Form and Content aguments

There is a theoretical question about separating form from content. One of the arguments about Powell/Pressburger films is that the form (the technical part of the film making) is what we are really looking at – not so much the content which is often seen as somewhat weaker. In a sense this is an argument about reflexivity and whether all films which do technologically tricky things are really about film making. The question here is whether or not the audience is aware of the tricks or believes the image to be true. This is again parallels an old battle between formalists and realists.(whether the structure should call attention to itself or not). THERE NEEDS TO BE SOME DISCUSSION ABOUT THIS AND ALSO EXPRESSIONISM

Again a feeling of reflexivity

Sexualty

Questions of Indian sexualty

What went on between Kanchi and Dean?
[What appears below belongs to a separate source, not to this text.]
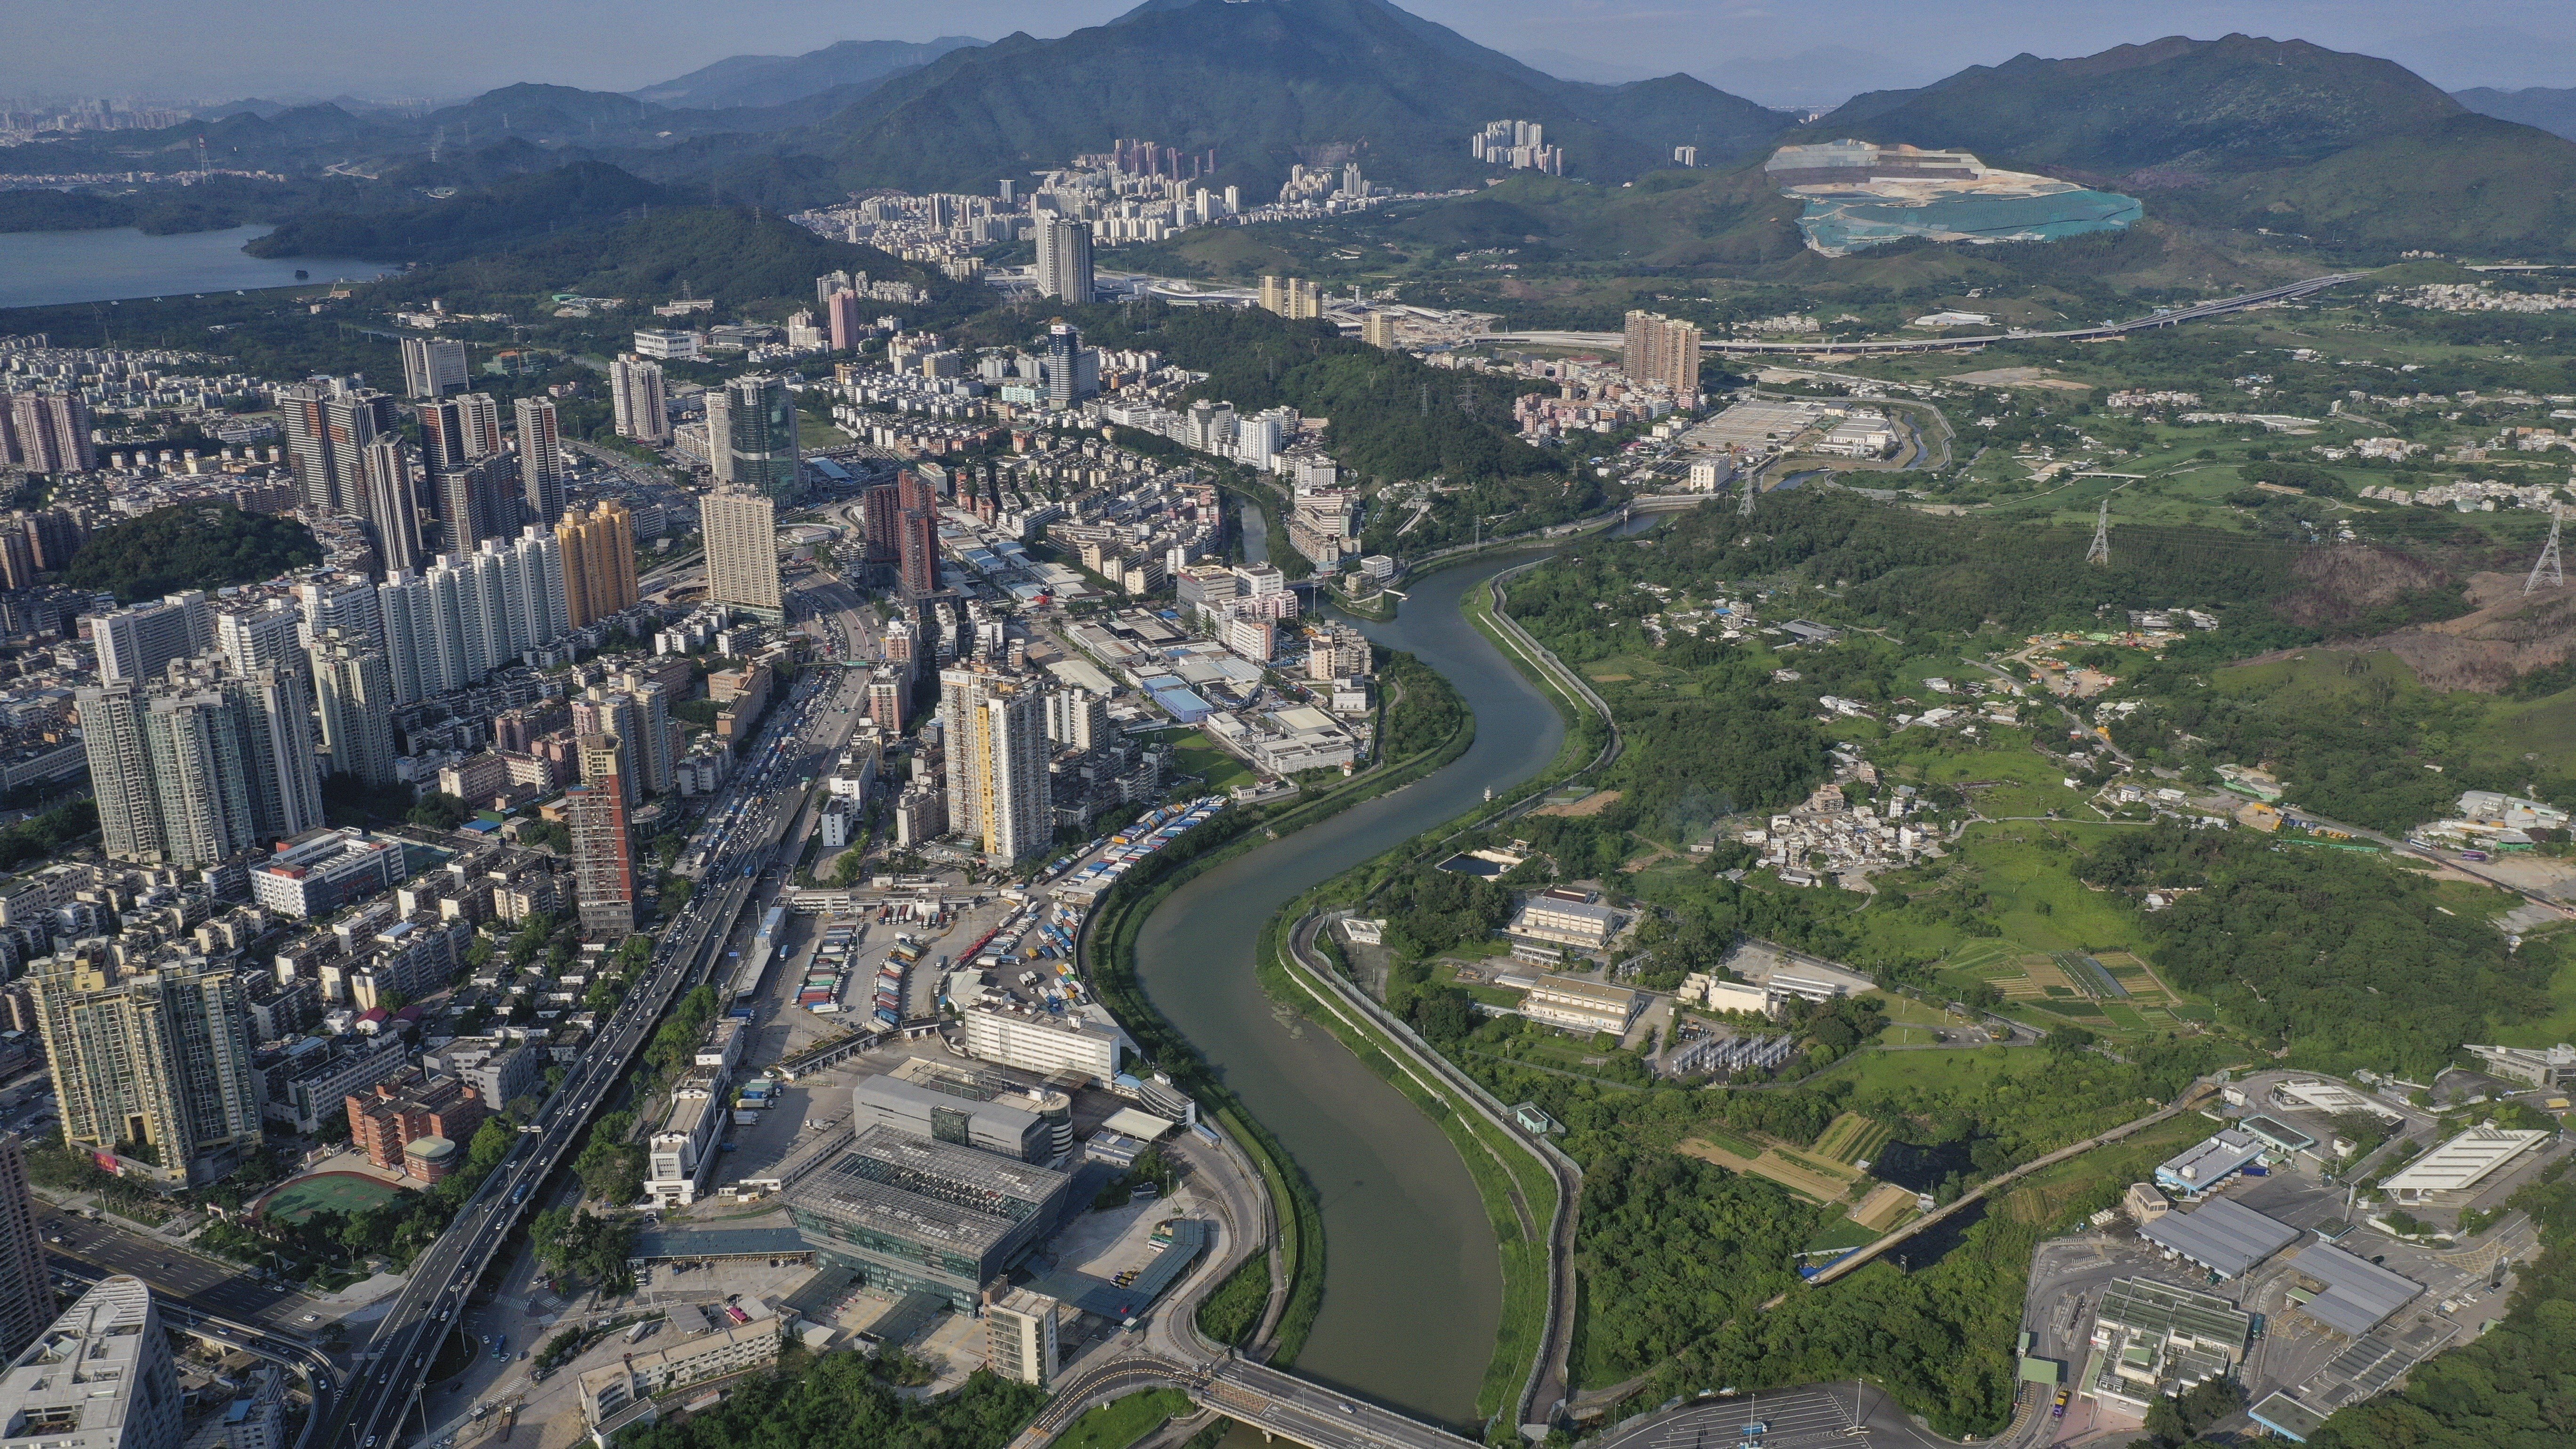 The Northern Metropolis is intended to serve as a strategic growth engine for Hong Kong’s border area with mainland China. Photo: Martin Chan

Young general runs away with Kanchi) Sexual images on palace are taken down and replaced by Christian images, but murals remain.
Angu Ayah dances around the pool like the old days
Eroticism and Female Hysteria
Sister Ruth goes mad (sexuality repressed erupts)
Angu Ayah: Lost work of sex and pleasure
Sister Clodagh: Close to madness much like Ruth but still under control
Relationship between documentary films and narrative films.

British documentary films seen as “true British Style” There was s dislike on the part of some critics about the departure from this style by the Archers although still some slight playing with it.

The impact of “Place” on characters (I Know Where I’m Going and to some degree A Canterbury Tale. Strongly in Edge of the World)

Altitude a problem; cleanliness of air; Cleanliness of water

Mysticism/Science/Rationalism

The initial outbreak of spots on skin indicative of the start of inner turmoil

Angu Ayah lives in past “good old days” and the “ghosts of the past talk to her

Symbols:

Phallic bell ringer/pencil in discussion between Clodagh and Ruth about Dean

Nature

The West, like the rich man of Kiloran cannot control nature, but often tries to. You can’t have everything you want. The wind, the mountains, the holy man all are disruptive influences on the lives of the nuns. Sister Philippa falls early – looking off when she should be praying. Clodagh’s memory’s of romance and break up return indicating her involvement with the Sisters is not one of attachment but one of escape from the world.

How Might One Relate this Story to More Current Analytical Approaches? Questions of gender relating to women after WWII and a non-return to the old days Questions of “patriarchy” (talk of guns and wars in lessons) Dean able to stay (bit not the monks). Dean’s voice before we see him is a kind of authority about the place.